Face-Selective Units
In the 1980s, exploratory recordings made by Charles Gross and his colleagues at Princeton University discovered neurons in monkey IT that responded vigorously to images of faces. The faces could be of monkeys, humans, or even cartoons, but if the eyes were omitted or the image was scrambled, the response was reduced or eliminated (Figure 6.33). Faces are an important element of communication for monkeys and humans. Faces support identification of familiar individuals, and they also reveal emotional expressions from unfamiliar strangers. In recording from randomly encountered neurons in electrode penetrations of IT, the Princeton group found neurons that were selective for a variety of images, not just faces.

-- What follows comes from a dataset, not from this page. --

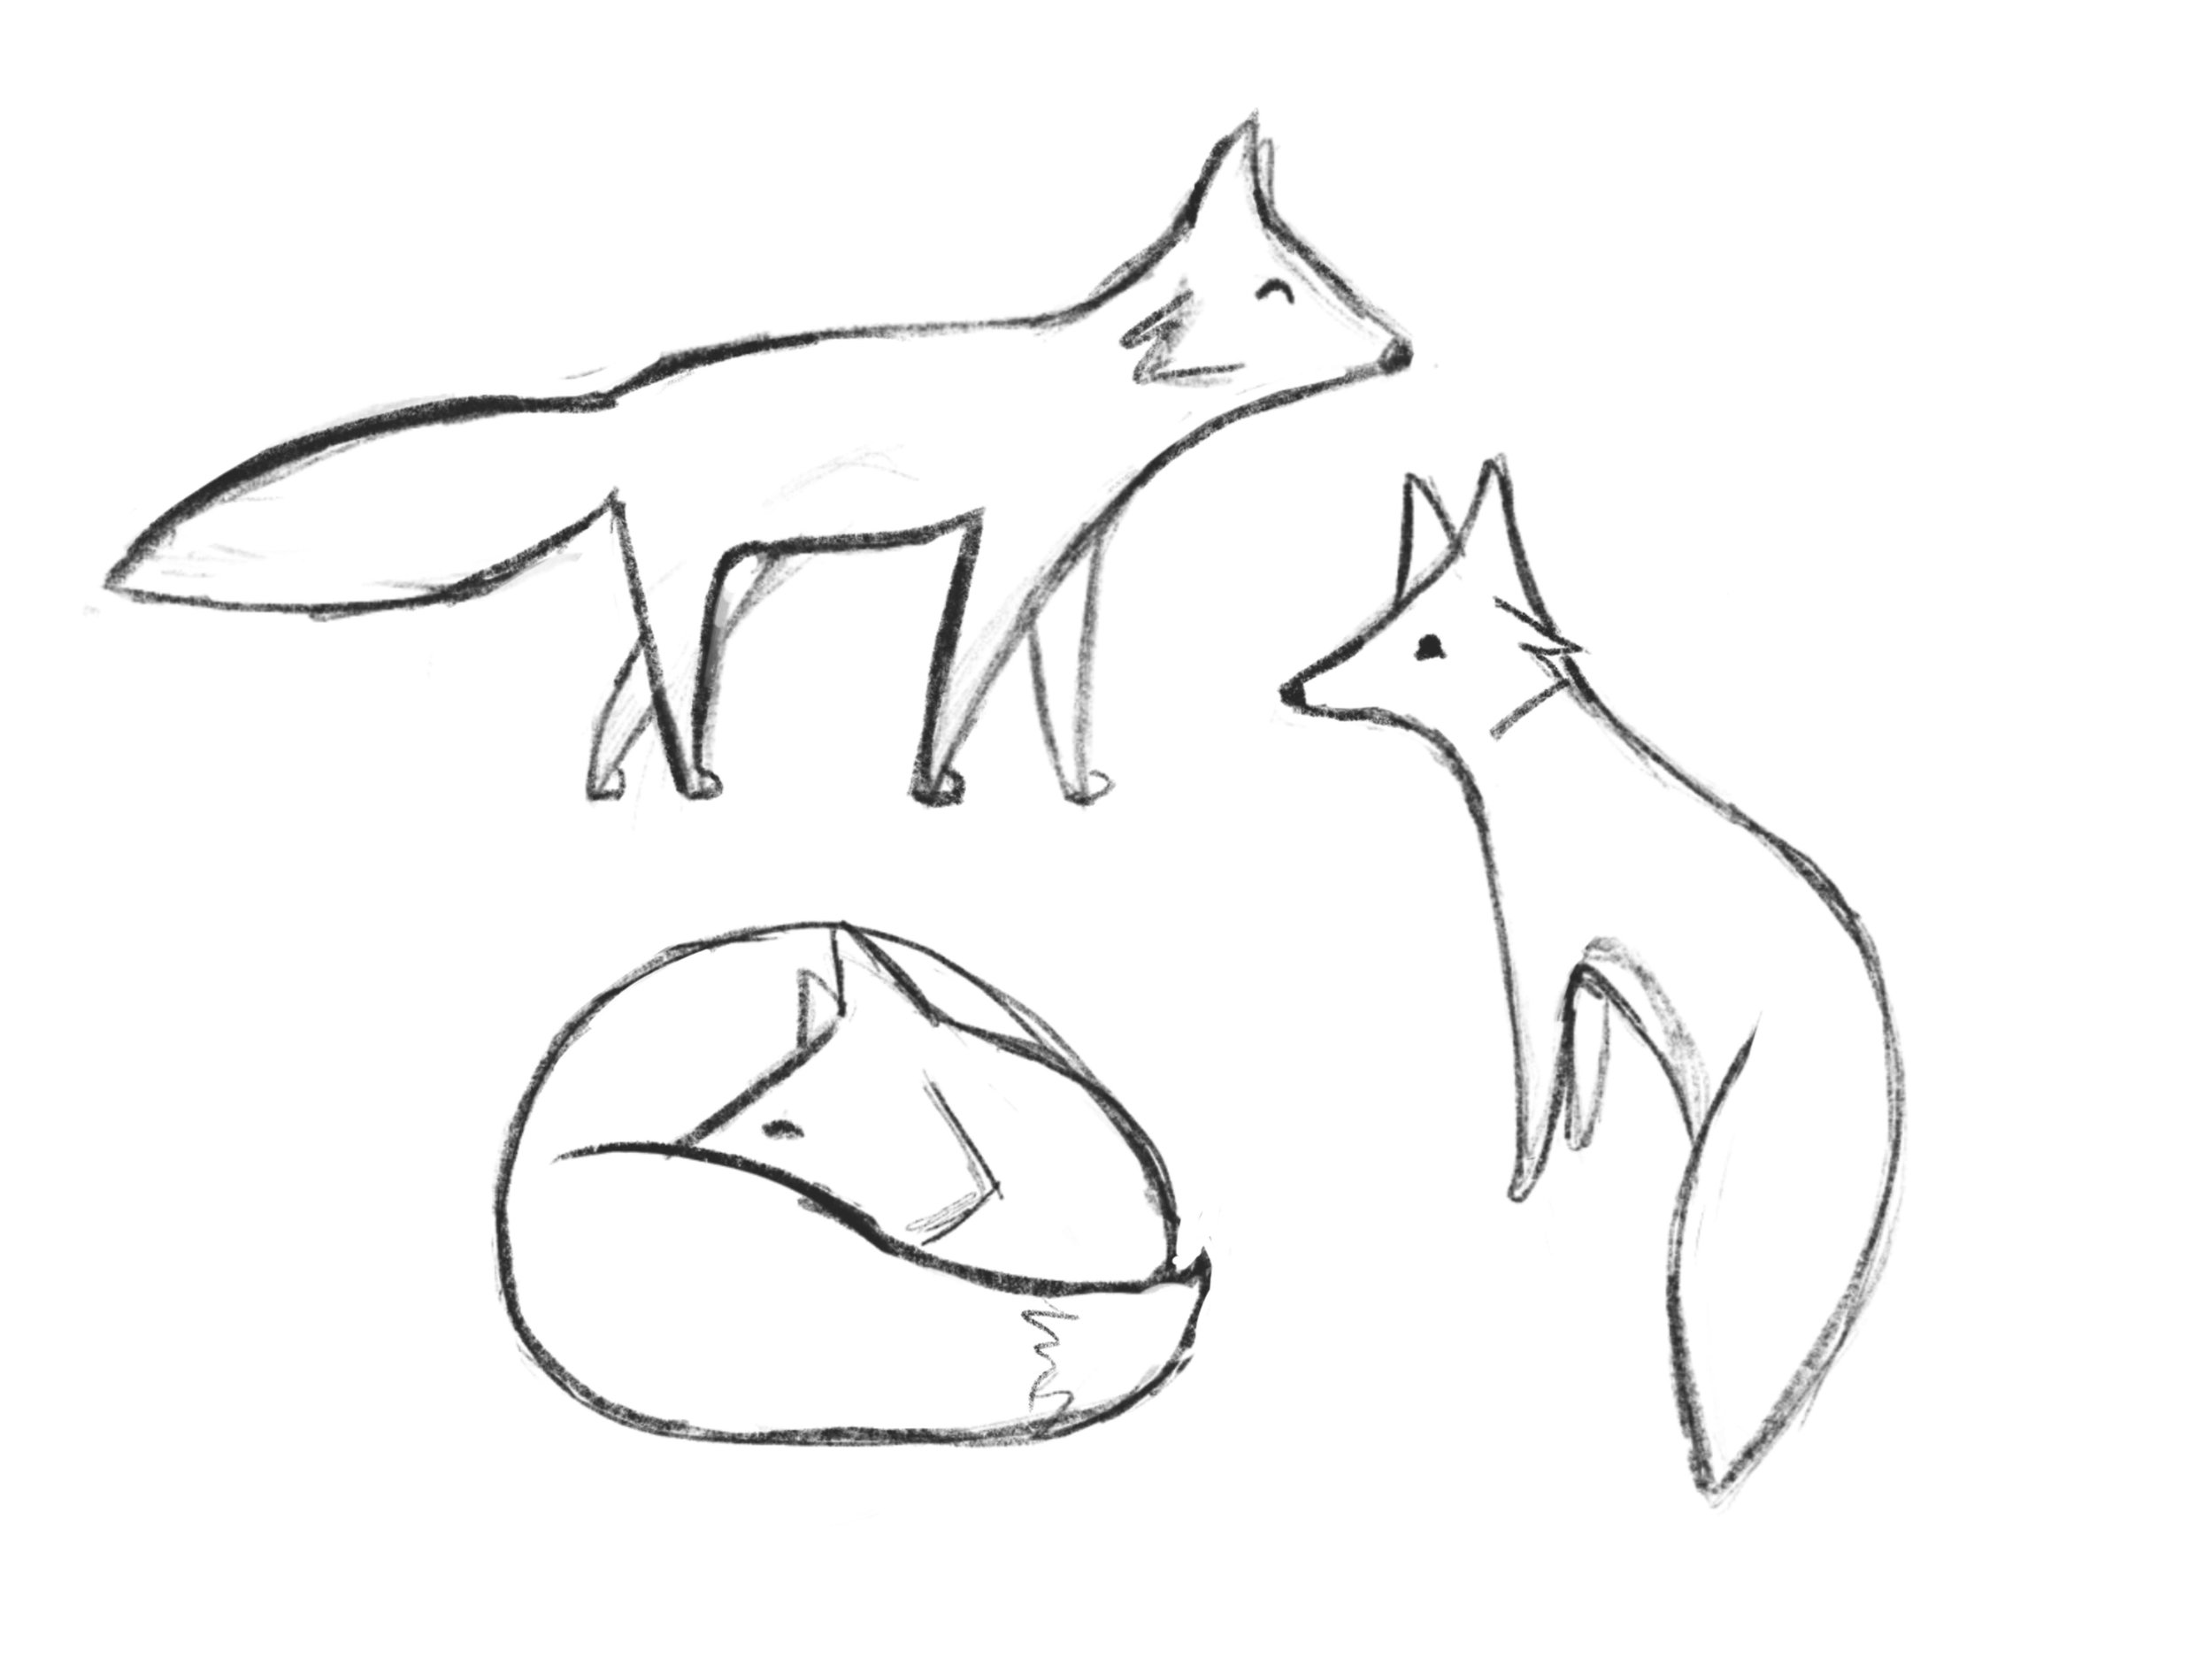 How to make a poster article. Image of foxes drawing

People Behind the Science: Dr. Doris Tsao and Current Approaches to Studying Face-Selective Units
Dr. Doris Tsao and her collaborators have introduced a more targeted approach to investigating face-selective units in primates. Dr. Tsao began her work on face patch neurons as a graduate student and postdoctoral scientist at Harvard Medical School, collaborating with Winrich Freiwald and Professor Margaret Livingstone. Tsao continued this work as a professor at Caltech, where she received a MacArthur “genius” award, and continues it now at the University of California at Berkeley. Dr. Tsao and her collaborators used fMRI to locate six face patches in IT cortex that contain neurons responsive to faces. They then recorded from individual neurons in each patch. Figure 6.34 (right side) shows the responses of 182 neurons in a face patch (vertical axis) to 96 standard images (horizontal axis) of faces, bodies, fruits, gadgets, hands, and scrambled photos. The images were flashed on a screen in random order. Each horizontal row represents the responses from one of the 182 recorded neurons, with red indicating a strong response. For analysis, the responses were lined up to place all the responses to one stimulus image in a vertical line, and to group the stimuli into six categories. For almost all the neurons in a face patch, it was clear that only the 16 images of faces consistently elicited strong responses, with little or no response to the other images.

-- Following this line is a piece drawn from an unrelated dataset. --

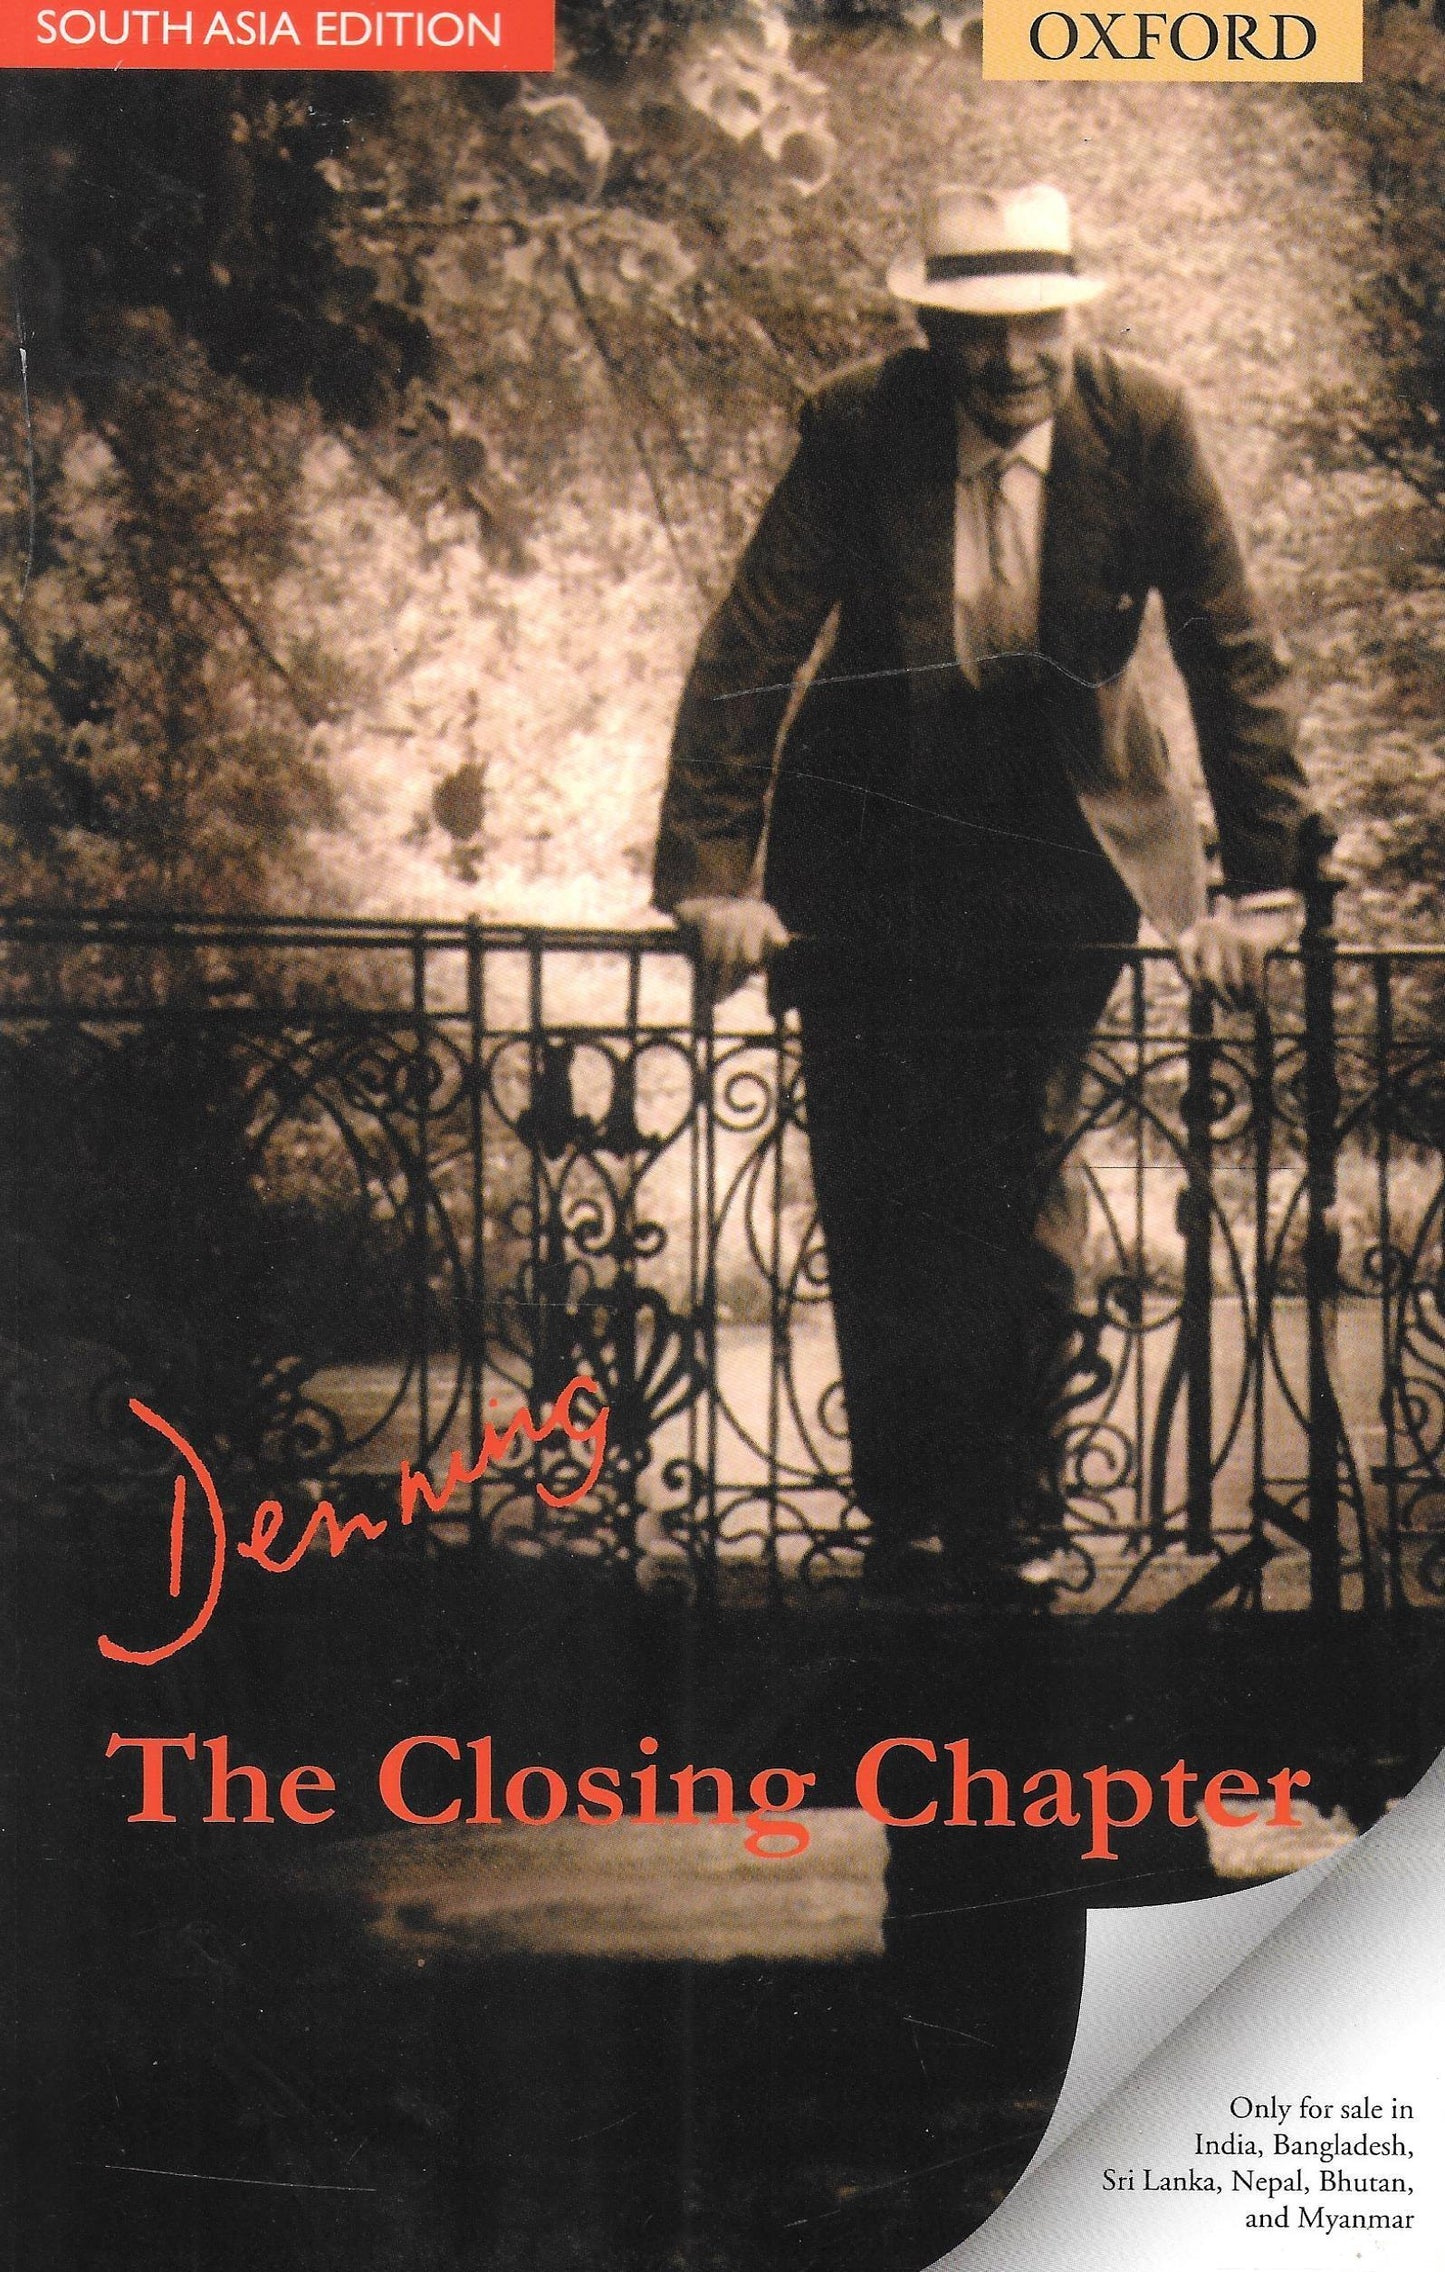 The Closing Chapter

Other experiments used cartoon faces as stimuli, permitting systematic variation of features such as the proportions of the face, the size of the nose, the diameter of the eyes, and the height of the hair. Different neurons were tuned to extremes of some features but not affected by variations in other features. Later research found two additional face patches where the responses were affected by whether the face was familiar to the monkey being tested. One clear conclusion was that a given face would elicit responses from a large subset of neurons in multiple face patches, with different faces activating different subsets.

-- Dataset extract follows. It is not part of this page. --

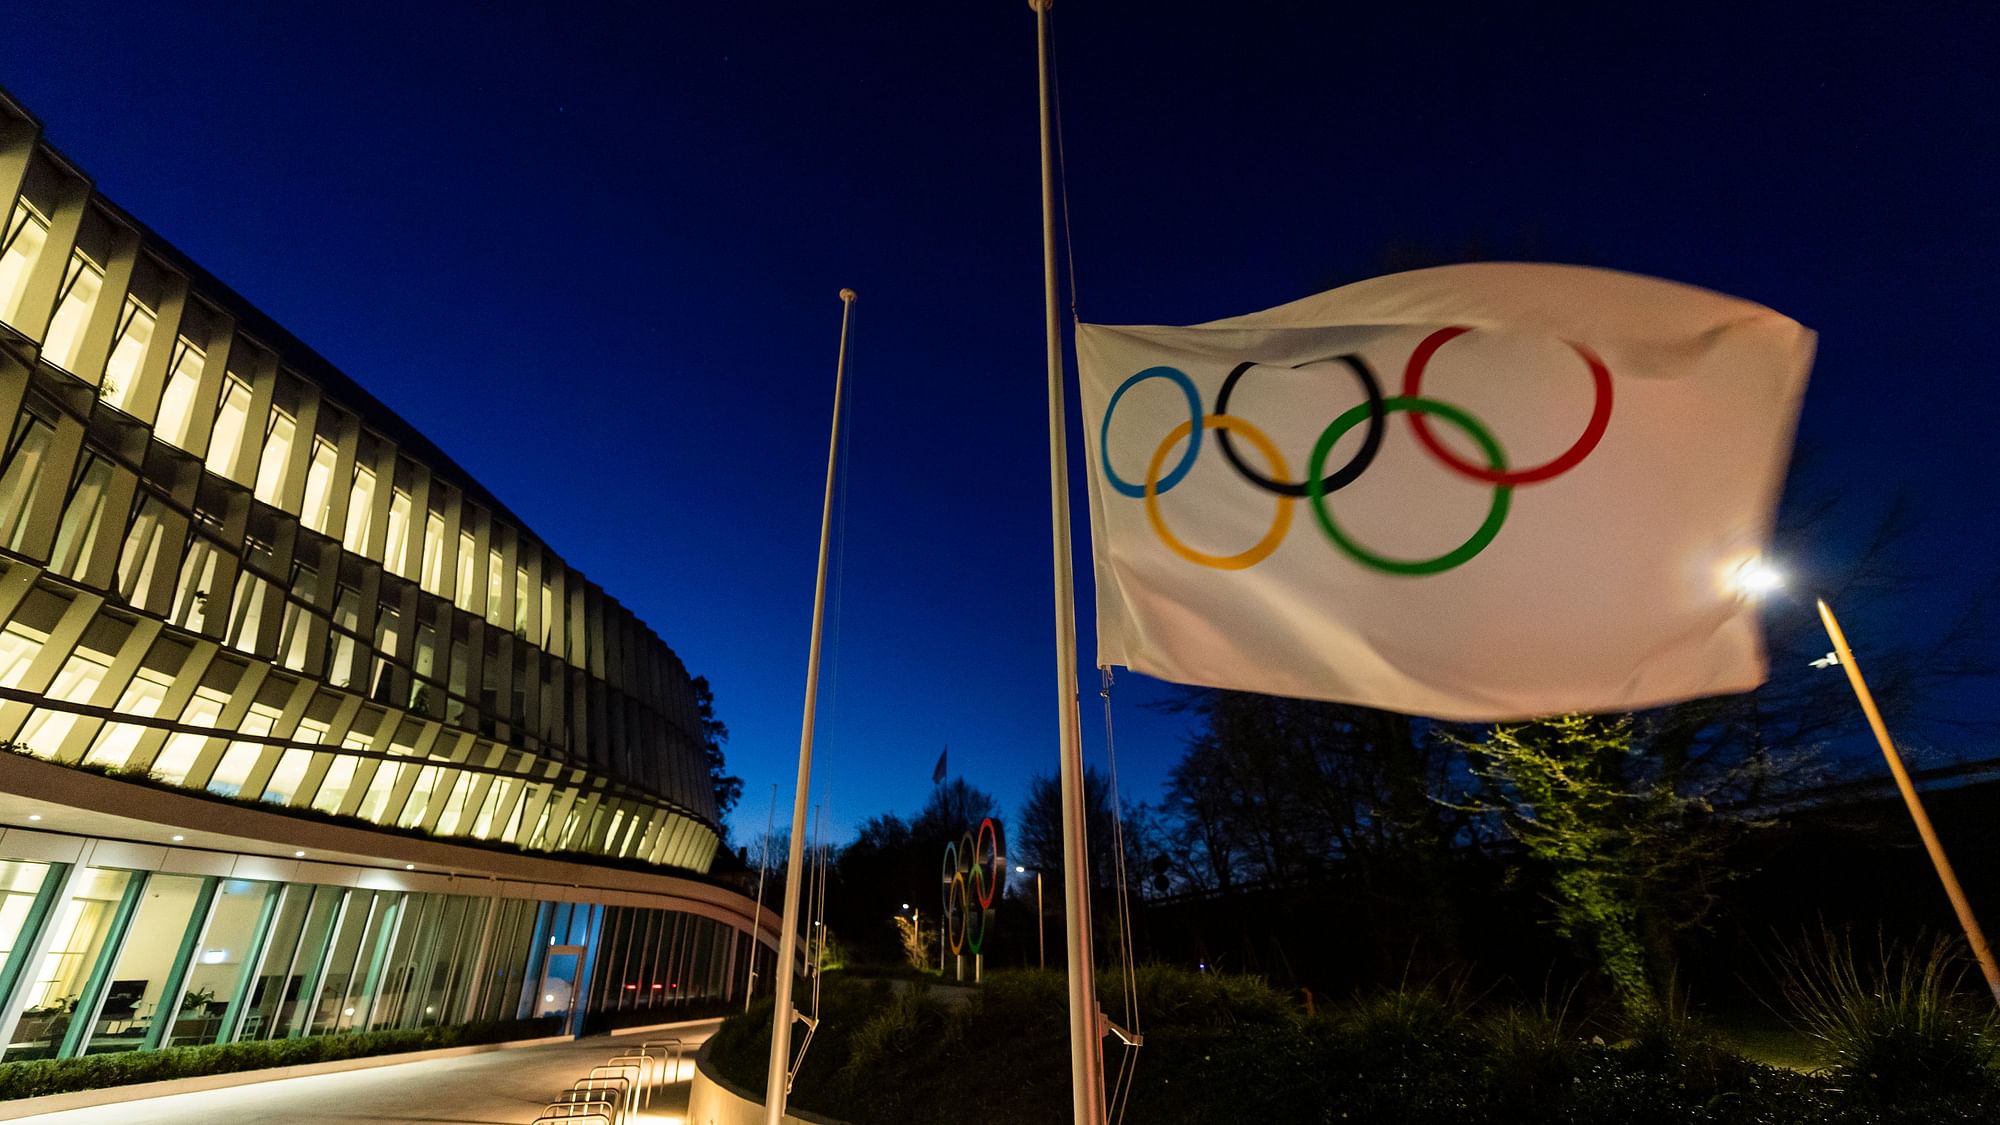 An IOC member told USA Today that the 2020 Tokyo Olympics are being postponed.

In online videos, Dr. Tsao explains characteristics of the first face-selective neurons she studied as well as her later work at Caltech.
Face patches have also been identified by fMRI in the human brain, a region called the fusiform face area (FFA). Research on IT face patches continues, with a goal of revealing how advanced visual processing occurs in sequential stages for a well-defined image category. These studies may help explain how a scene that activates millions of neurons in multiple cortical areas leads to our conscious perception of the components of the visual world around us.